Raw data: Begin

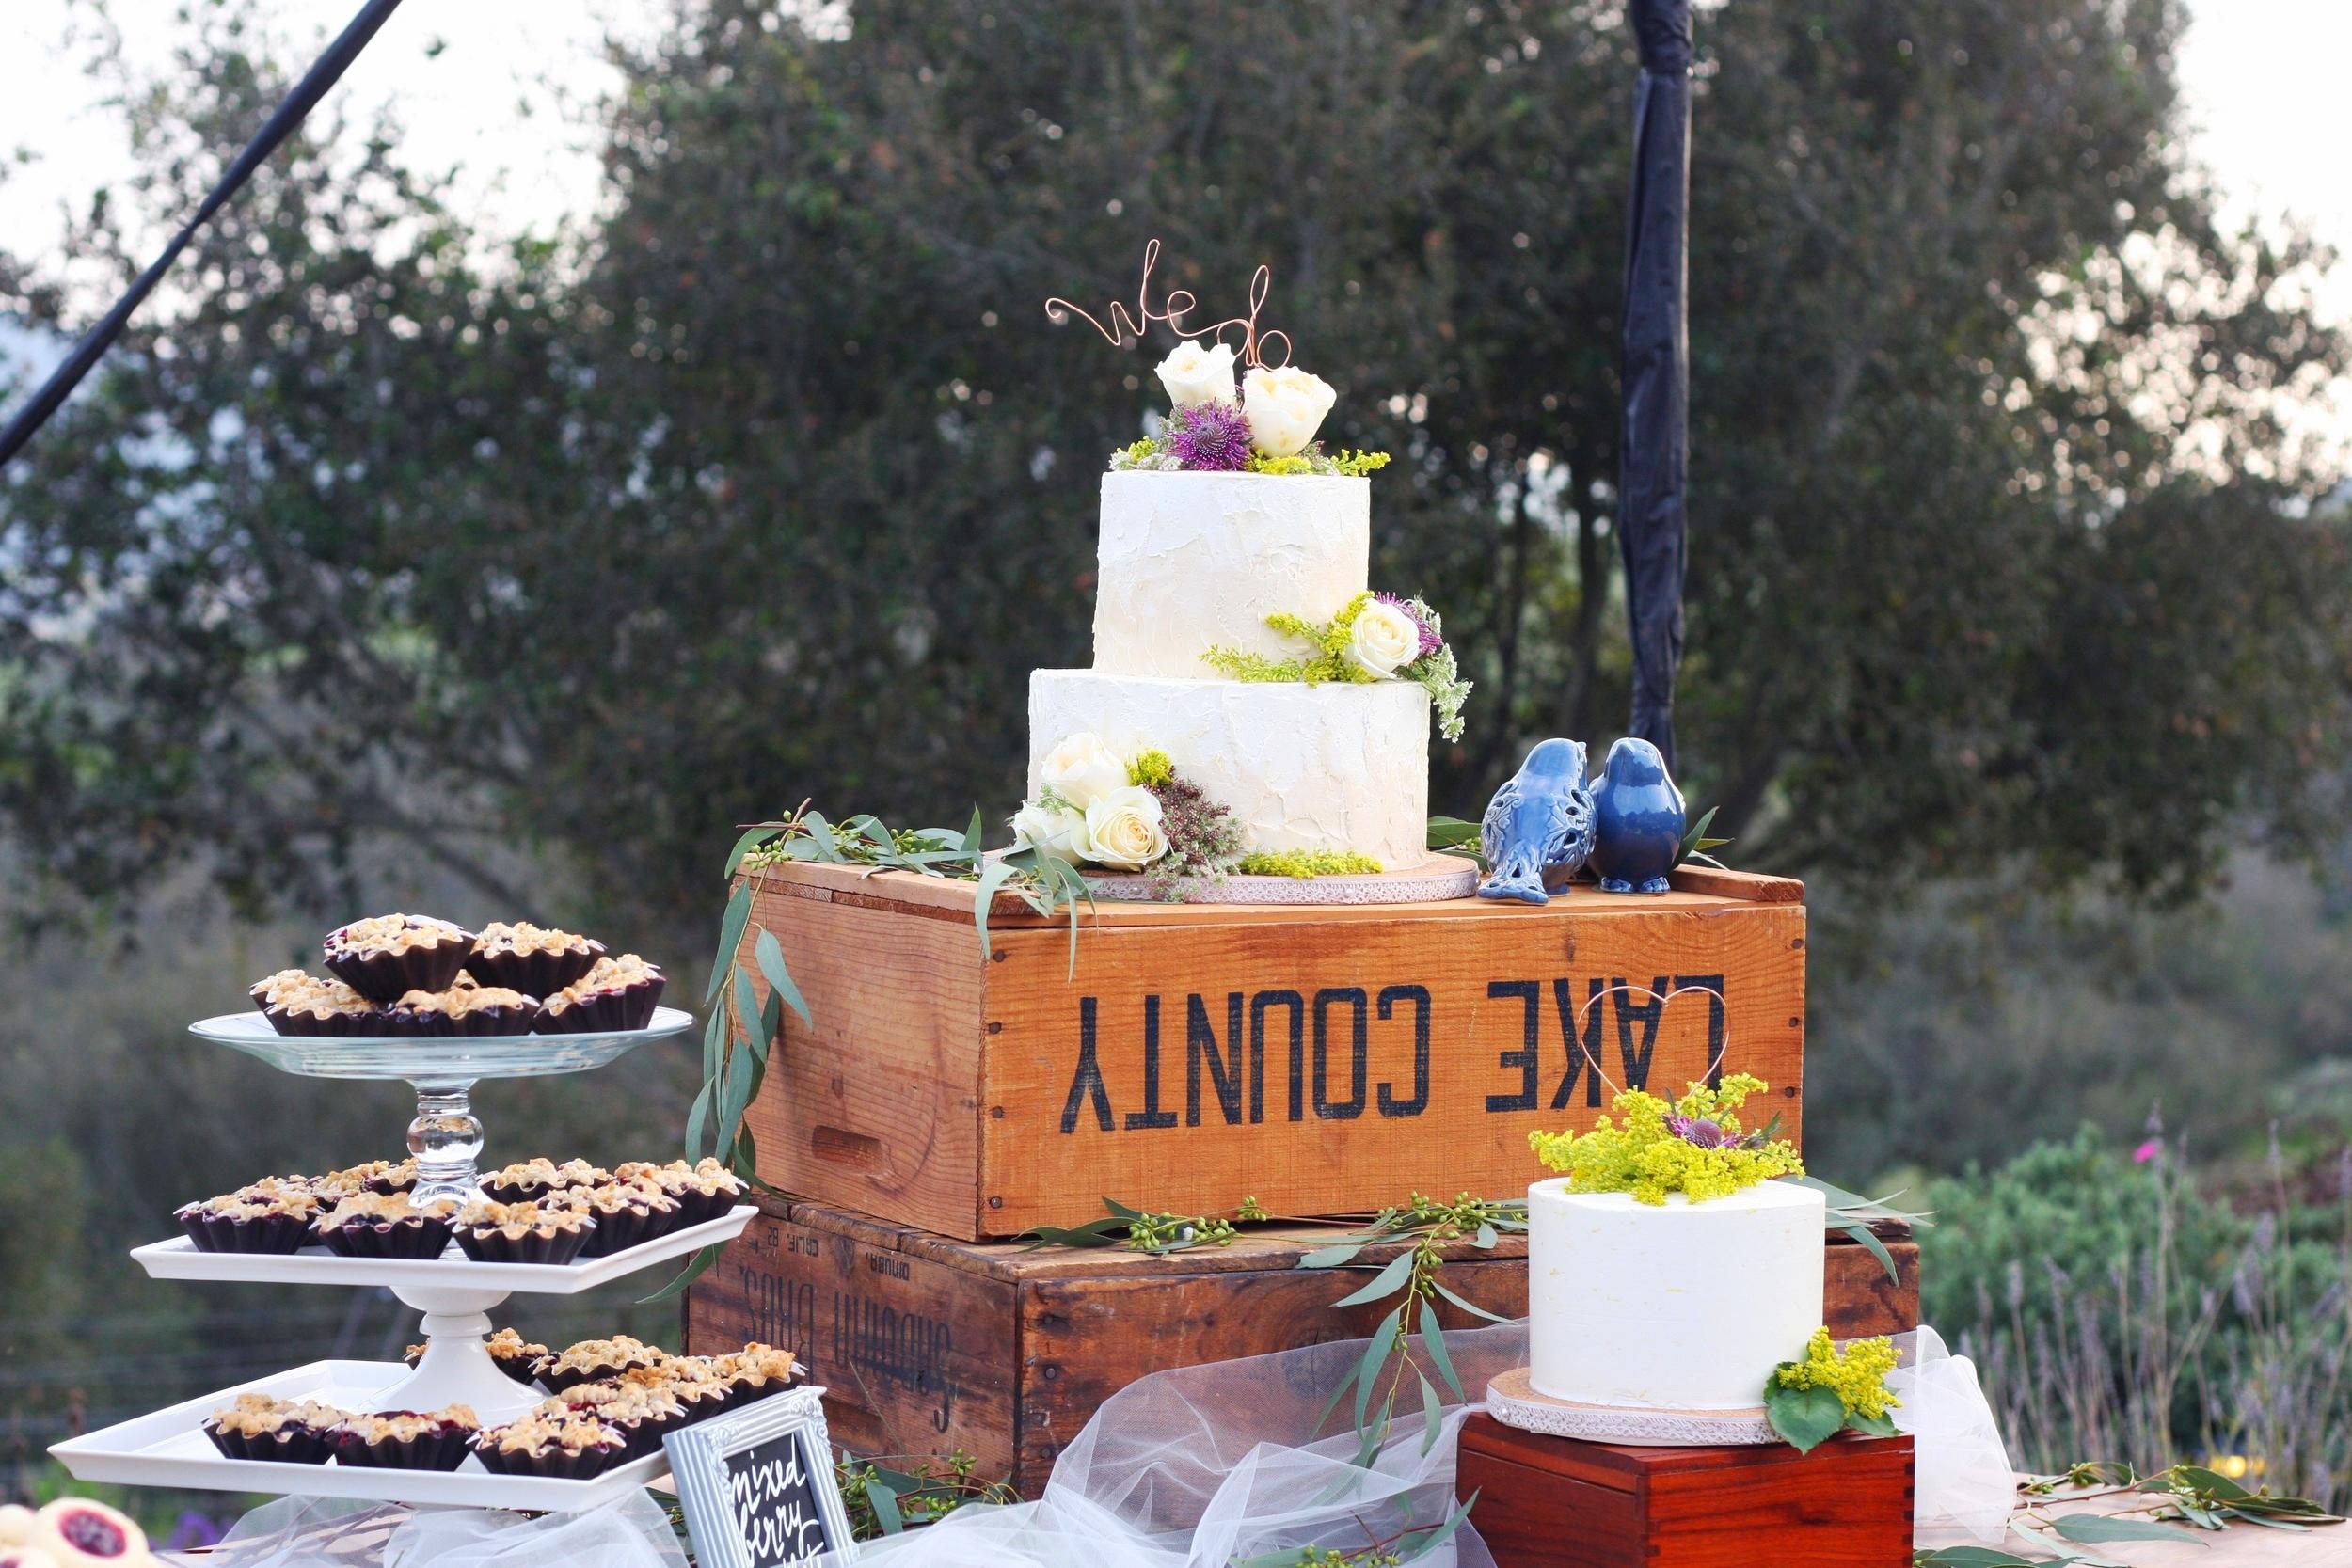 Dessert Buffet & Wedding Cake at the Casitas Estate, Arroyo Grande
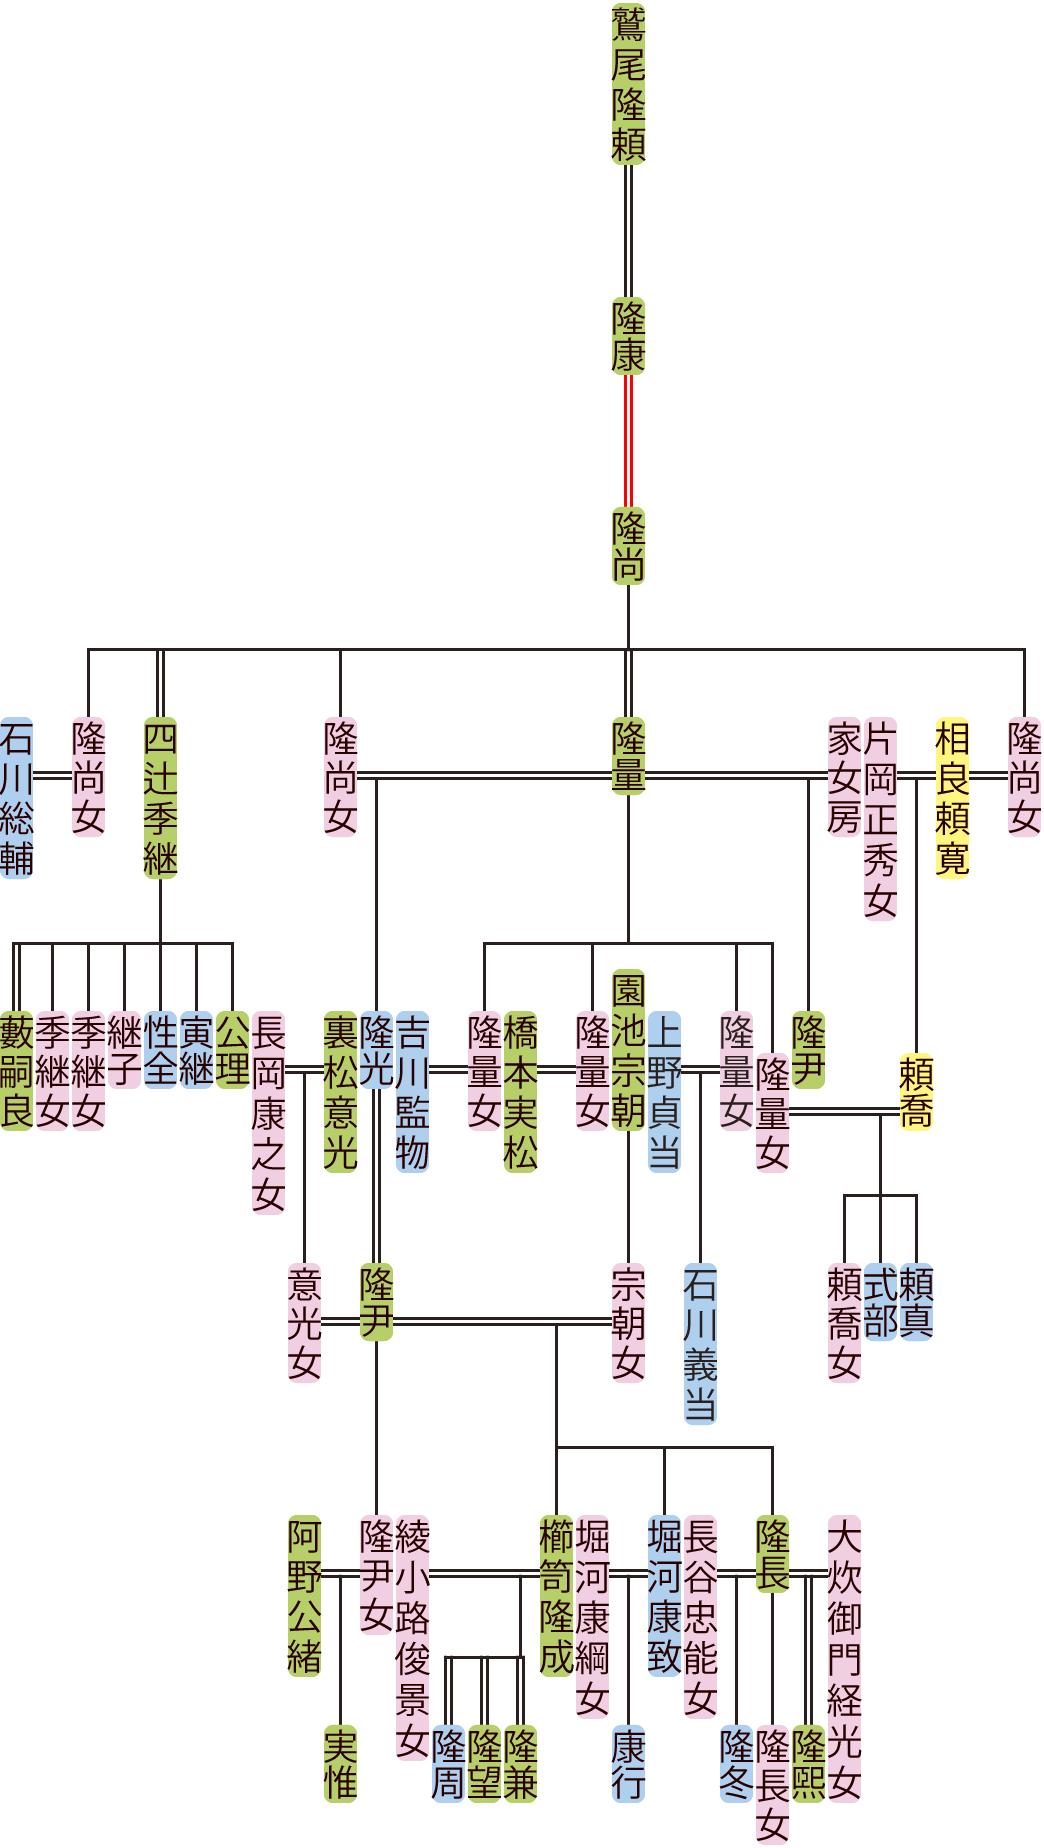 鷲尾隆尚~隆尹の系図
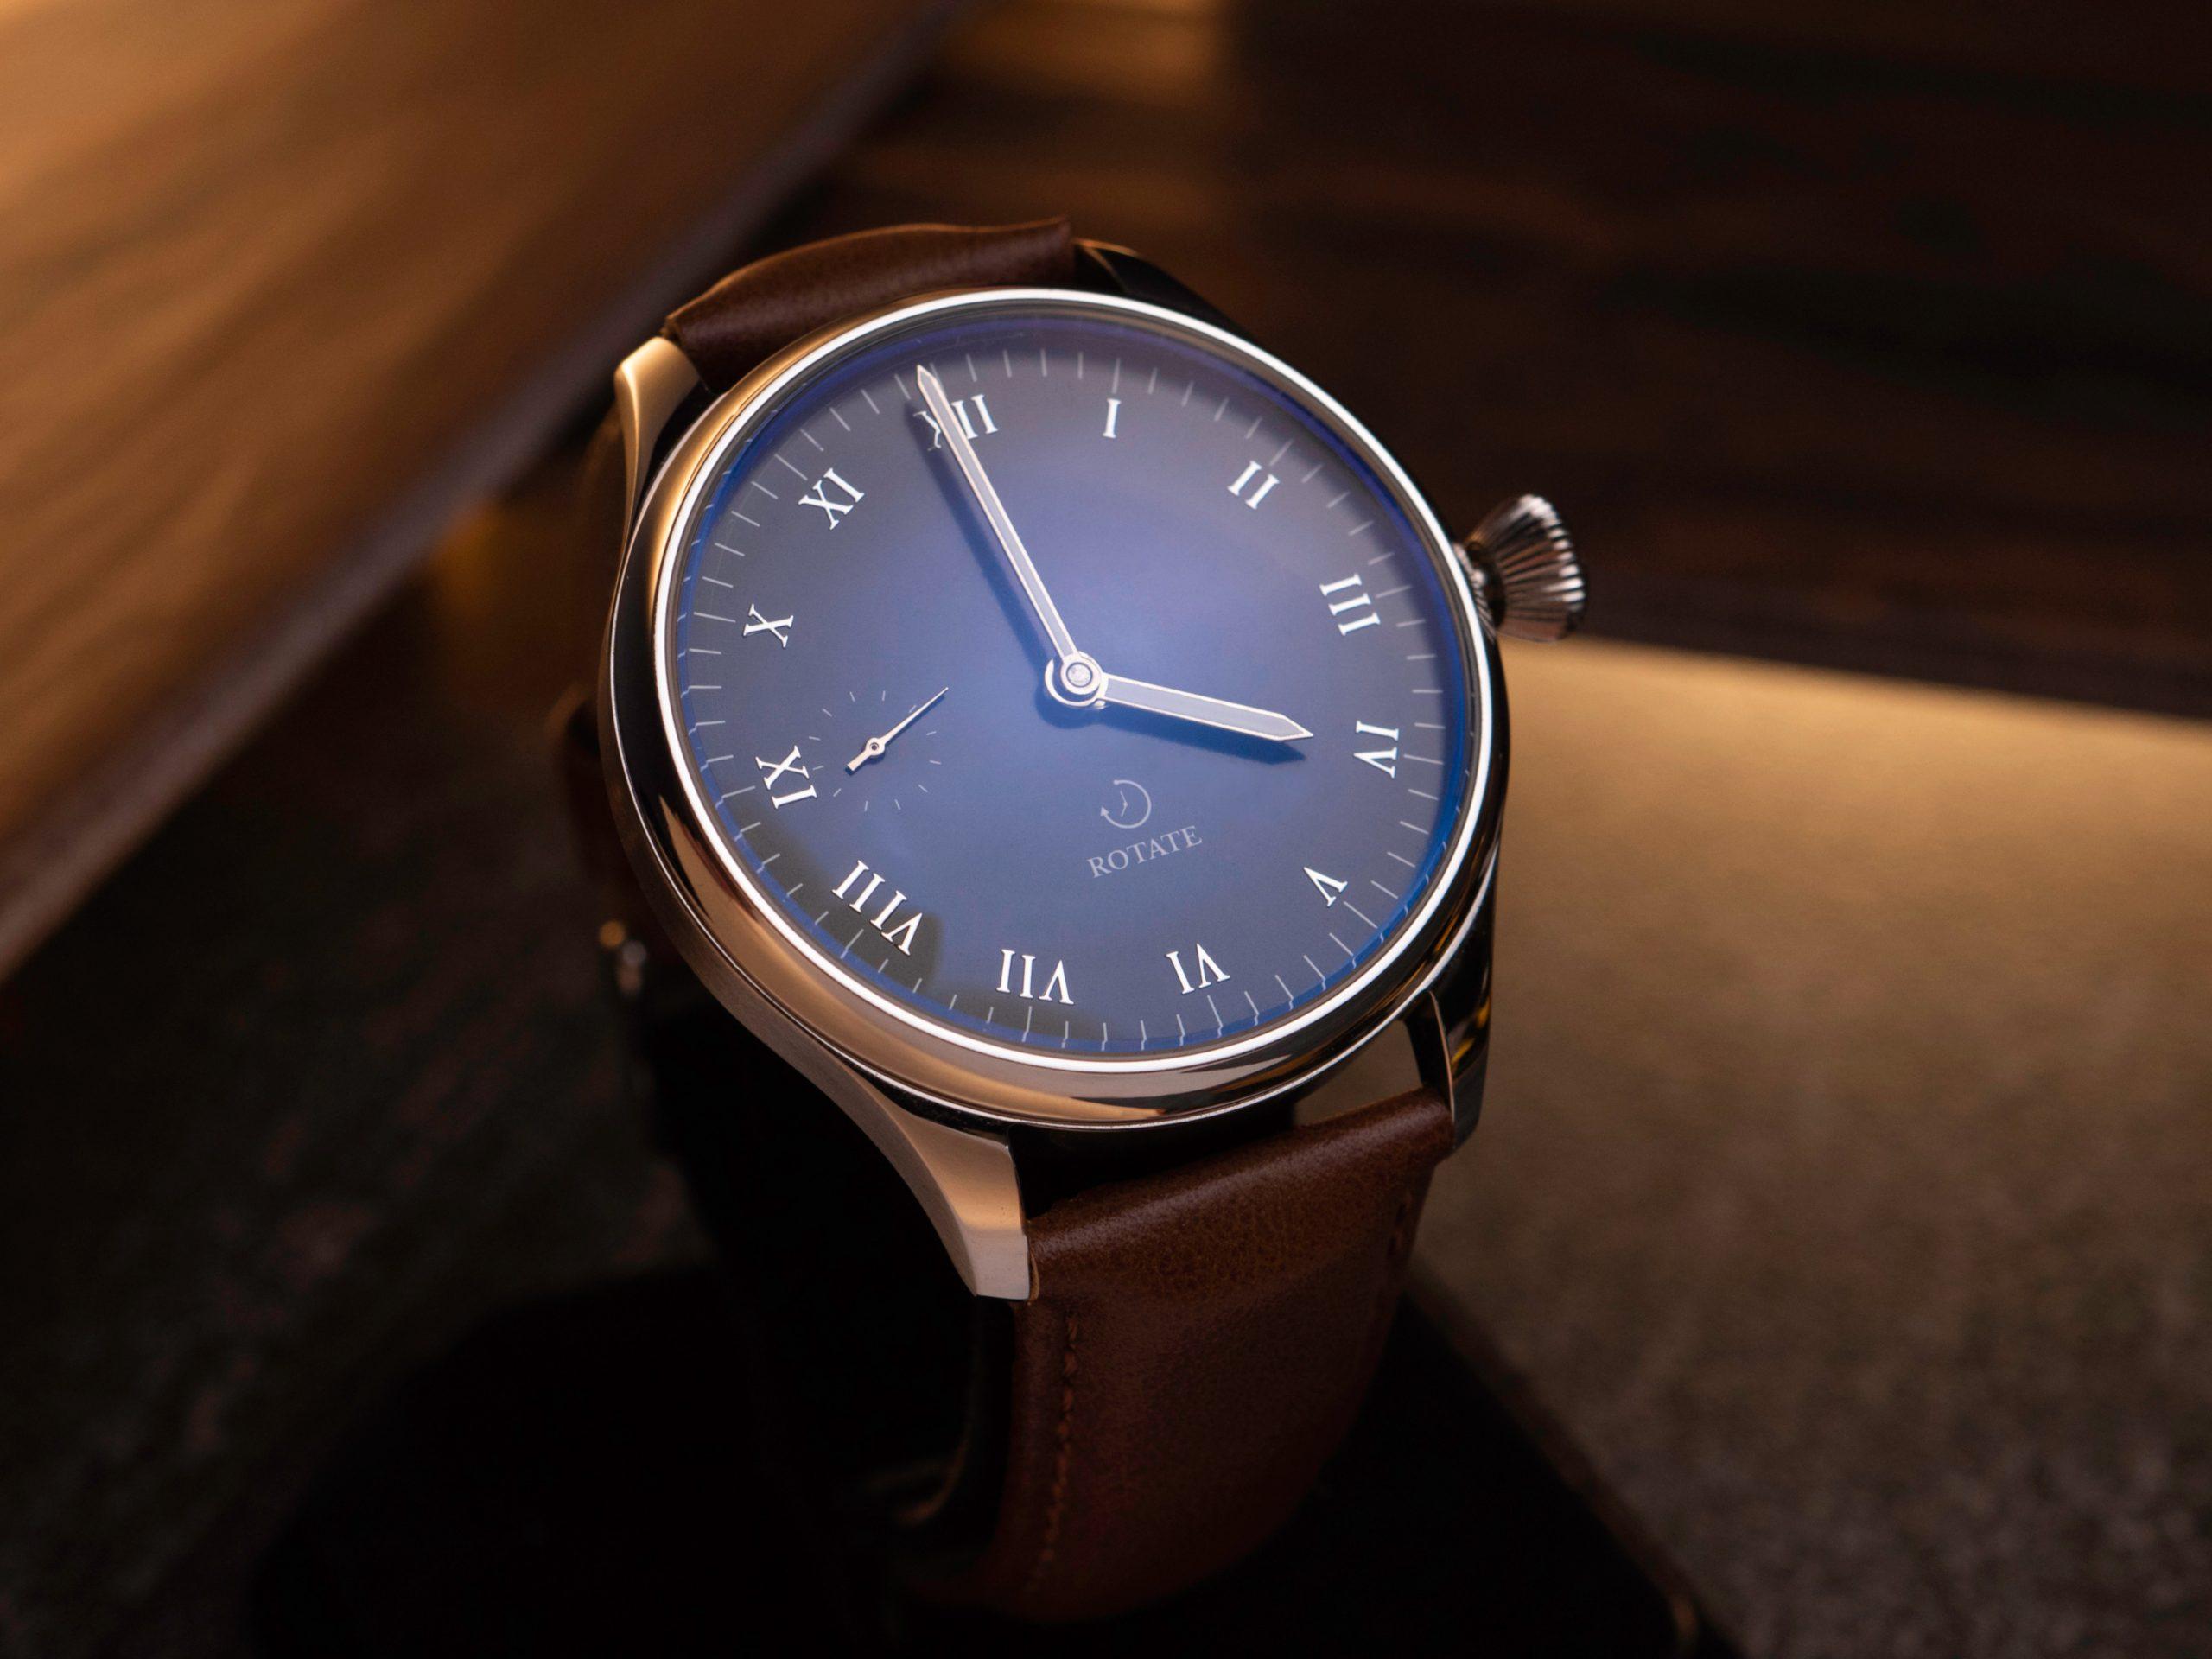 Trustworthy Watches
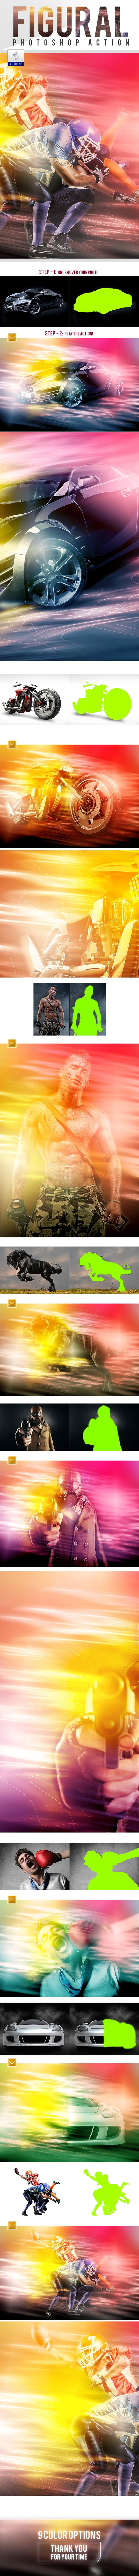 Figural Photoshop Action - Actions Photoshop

Raw data: End

» **Required action**
Your copy of the material above should be exact and free of pictures.

» **The answer**
 Dessert Buffet & Wedding Cake at the Casitas Estate, Arroyo Grande
 鷲尾隆尚~隆尹の系図
 Trustworthy Watches
 Figural Photoshop Action - Actions Photoshop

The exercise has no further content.